Meera whirled towards Kananbala, horrified. Kananbala's eyes were invisible behind glasses on which the morning sun shone. Her smile was sweet and denture-less. She repeated the words in a sing-song, absent-minded tone, rattling one of Mrs Barnum's tins to keep time. Kalpana guffawed. Meera rushed out of the room, tears stinging her eyes. She could not,
could not
, continue living in Songarh. She must leave. Anywhere would be better than here. She would go to her brother and beg for shelter, she would look for a job in a city, anything but this nightmare.

She ran to the middle room and sat on the edge of her bed, shoulders tingling again with that familiar pain. Her life had boiled over when she wasn't looking. What did I expect, she thought, remembering one of Manjula's sayings, that I'd sprinkle cold water onto hot oil and not get burned by the sputter?

She became aware after a while that her breath was a noisy wheeze. Where's my trunk? she panicked. Where's the trunk in which I brought my clothes when I came here? The thought began to grow and cloud her mind. She got up and looked under the bed. She tried the attic in the long room. She could not make out its familiar mustard colour
among the shapes huddled there. Frantic, she rushed up the staircase to the loft, but it wasn't there either. As she came down the stairs, she encountered Kamal going into his rooms. He smiled at her with the new smile he had manufactured just for her.

Meera ran down the stairs, hand sliding on the banisters. Nirmal was coming up and paused at the landing to let her pass. “Where are you rushing to?” he said, sounding eager, but she did not pause.

She stopped by the door to slip her feet into her chappals and let herself out. There was a heaviness in the air, the stillness that comes before a downpour. She began to walk with rapid steps. As her distance from the house grew, she stopped and looked up at the louring sky.

There was a sudden sharp slap on her face, of wind. It gathered force and buffeted her sari. The tall trees at the edges of the fields bent double, surprised by the squall. Dust gathered into ochre clouds and rushed towards her. She covered her face with the corner of her sari and screwed up her eyes. Above her, the tin-coloured sky cracked and warped with lightning. The gulmohars glowed an intense orange, gathering the half-light. She felt the first drops of rain on her arms and the sweet, brown smell of water meeting dry earth. It came down faster. She removed her aanchal from her face and looked up at the sky, holding her face up to the rain, shutting her eyes against what was already a torrent. Under the trees sheltered a few straggly clumps of people who looked at her in amazement.

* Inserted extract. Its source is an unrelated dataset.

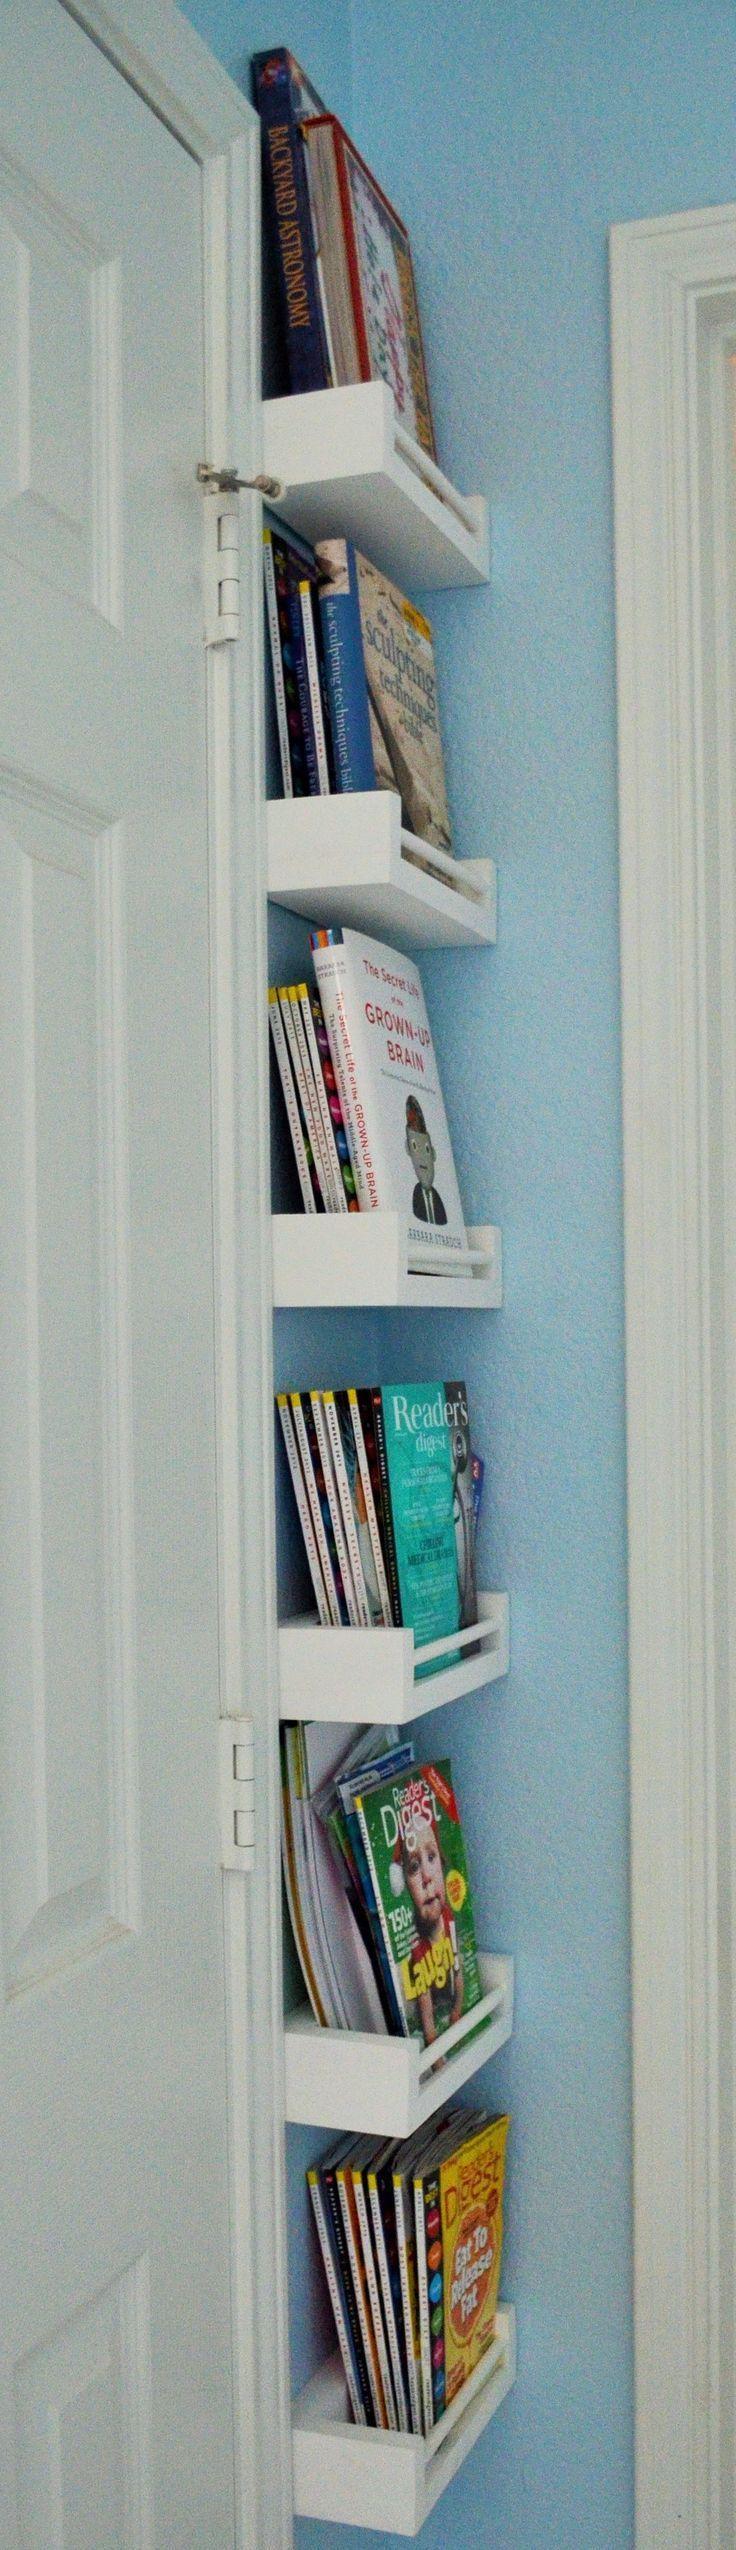 Lo lo low cost small bedroom storage ideas - Bedrooms

Something unlocked deep inside her as the rain fell on her face, and into the earth next to her, muddied her sari and gritted her slippers with dirt. In some other place, where nobody knew her, she would start all over again. She would leave as soon as she could. She would get away to a big city where nobody knew her. She would make room for herself.

Already the rain was tapering off, leaving only the damp earth smell which wiped out all memory of the smouldering days that had gone before.

* * *

It had been only about six months since Nirmal's return to Songarh, and the serenity he had thought was his to keep had scattered over the past fortnight, leaving in its place a profound disquiet. Smoking his fourteenth cigarette of the day, he rested his elbows on the parapet of his roof, listening to Mrs Barnum's piano which even from this distance was violent and lonely and sad. The crashing notes were reassuring, a sound from long ago, unchanged since his childhood. He wished he was a fossil responding to geological time, creaking, calcifying, hardening, going deeper and deeper into a rock-face or river-bed, metamorphosing over thousands of years from flesh and blood and marrow into stone; better to be a fossil than human, on the cusp of some painful new development almost every day.